Perhaps this is where Professional Trauma and Fatigue (PT&F) a term I first began developing around ten years ago, offers something additional, because rather than separating these experiences, it allows us to hold them together, recognising that several concepts may sit under this umbrella, often overlapping in lived experience.
Kate and I also ask you to consider the human underneath the umbrella term PT&F, because crucially, the same traits that can help us or are a part of us, conscientious, caring and reliable in our work, may also shape our vulnerability to this kind of sustained impact.
Rather than asking people to decide which single term fits, we wonder if Professional Trauma and Fatigue as a way of recognising that these experiences can overlap, accumulate, and evolve over time might support the experiences of all, without feeling confused by the range of experiences that show up both in practice and at home. And when we begin to look through that wider lens, the question of “is it burnout?” can start to shift into something more nuanced.
Importantly much of the conversation about burnout still leans towards the individual.
What can you do differently, how can you cope better, where can you build resilience?

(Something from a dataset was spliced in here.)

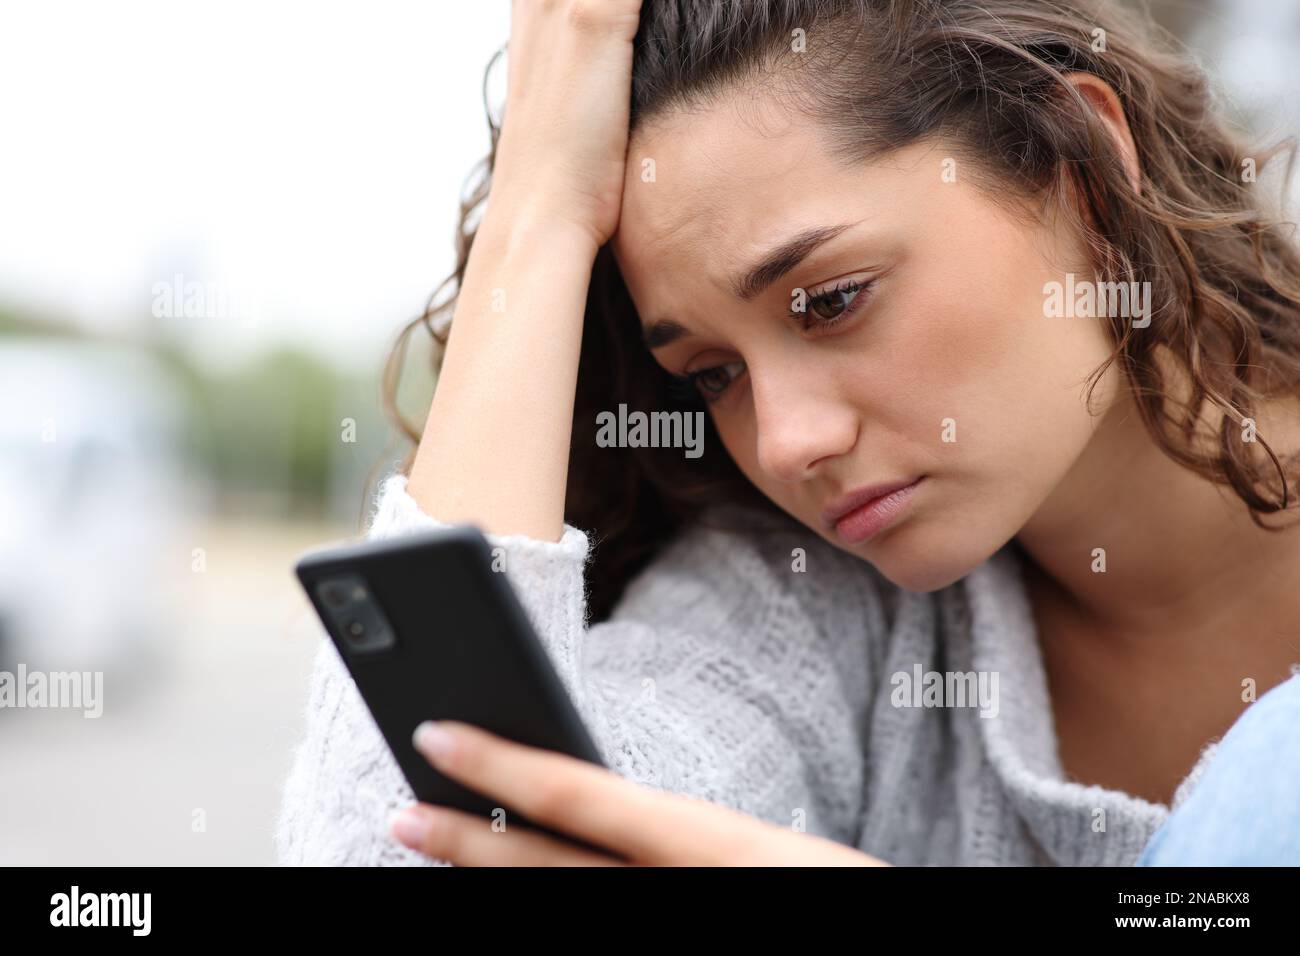 Sad woman checking phone message complaining in the street Stock Photo
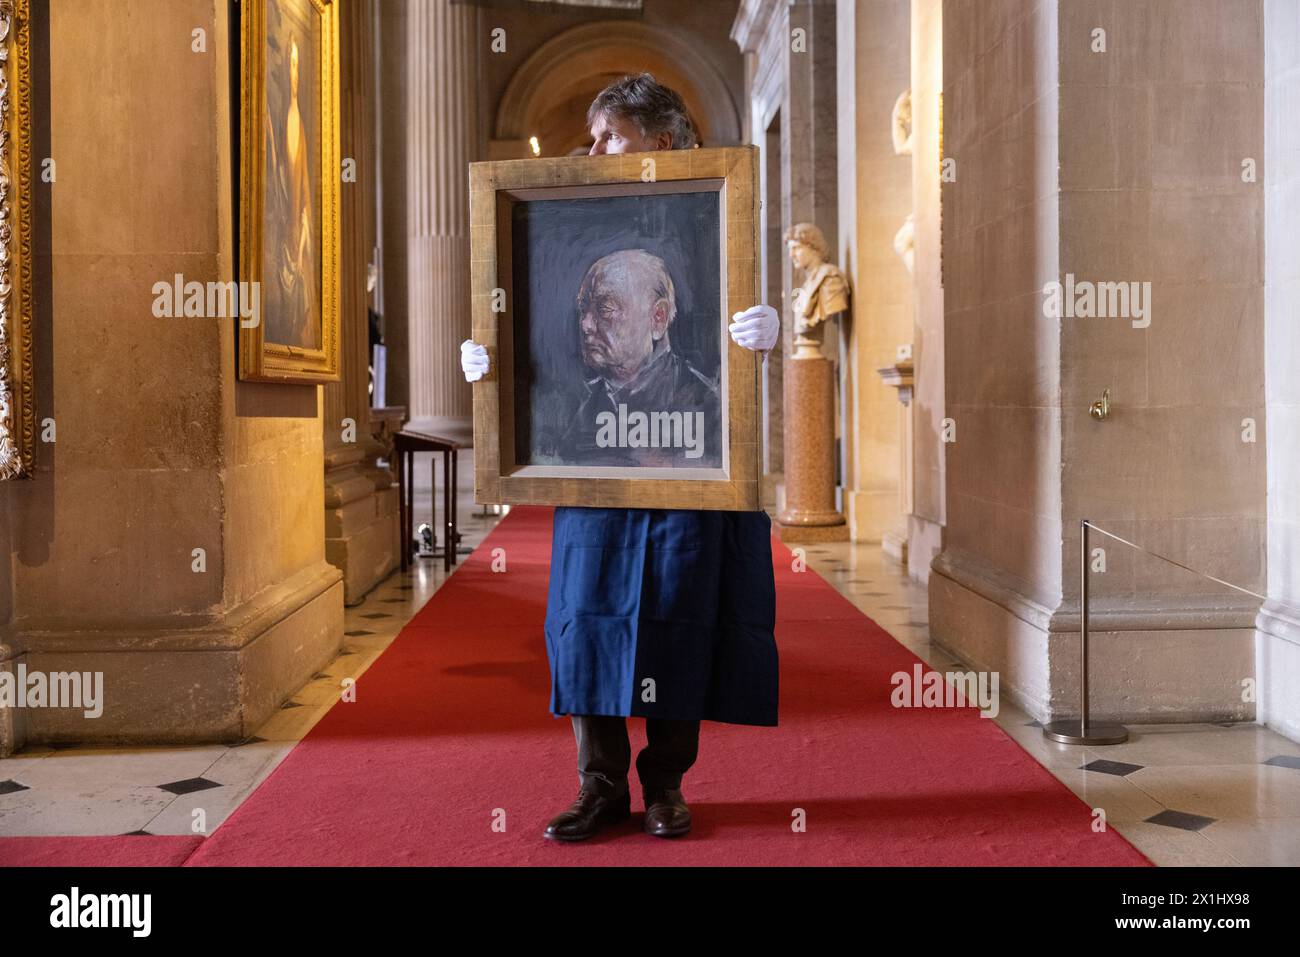 Sotheby's staff holds a portrait of the former British prime minister Winston Churchill, painted by Graham Sutherland in 1954, Blenheim Palace, UK Stock Photo

Obviously, whilst personal resources matter, we can’t ignore the context, not if we want to make changes.
When everything gets called burnout, we might unintentionally simplify something that is, in reality, far more complex.
So perhaps the question isn’t:
“Is this burnout?” but,
“What am I experiencing here? What is this work asking of me, over time?”
Because when we can name and acknowledge our experience, we can begin to respond more appropriately. Sometimes that response sits in awareness. Sometimes in supervision, peer support, or the conditions around us that make the work more sustainable. We might even recognise some familiar pillars here; however, we don’t just do this individually, we do this together, with hope, in conversation, in reflection, and in the peer spaces, or community where the work can be shared rather than carried alone.

Understanding the risks matters, it matters very much to the newly started trainee or student, and it needs to be communicated safely, and compassionately. It also matters very much to the experienced, but tired and weary practitioner, so that they can seek help and support, because recognising the full landscape of the work matters.
Perhaps this is part of how we hold onto hope and connection in the work, not only reducing the cost of the work, but also creating space to notice what sustains us within it. Not by avoiding conversations about risk, but by allowing space for a fuller understanding of what it means to care, over time.
Perhaps an understanding of the wider environment that Professional Trauma and Fatigue attempts to describe offers a way to align with the remedies and rewards that support us.
Further Reading
Maslach, C. & Leiter, M. P. (1997) The Truth About Burnout. San Francisco: Jossey-Bass.
Figley, C. R. (1995) Compassion Fatigue. New York: Brunner/Mazel.
World Health Organization (ICD-11) – Burnout
Plumbly, C. (2024) Burnout. London: Yellow Kite.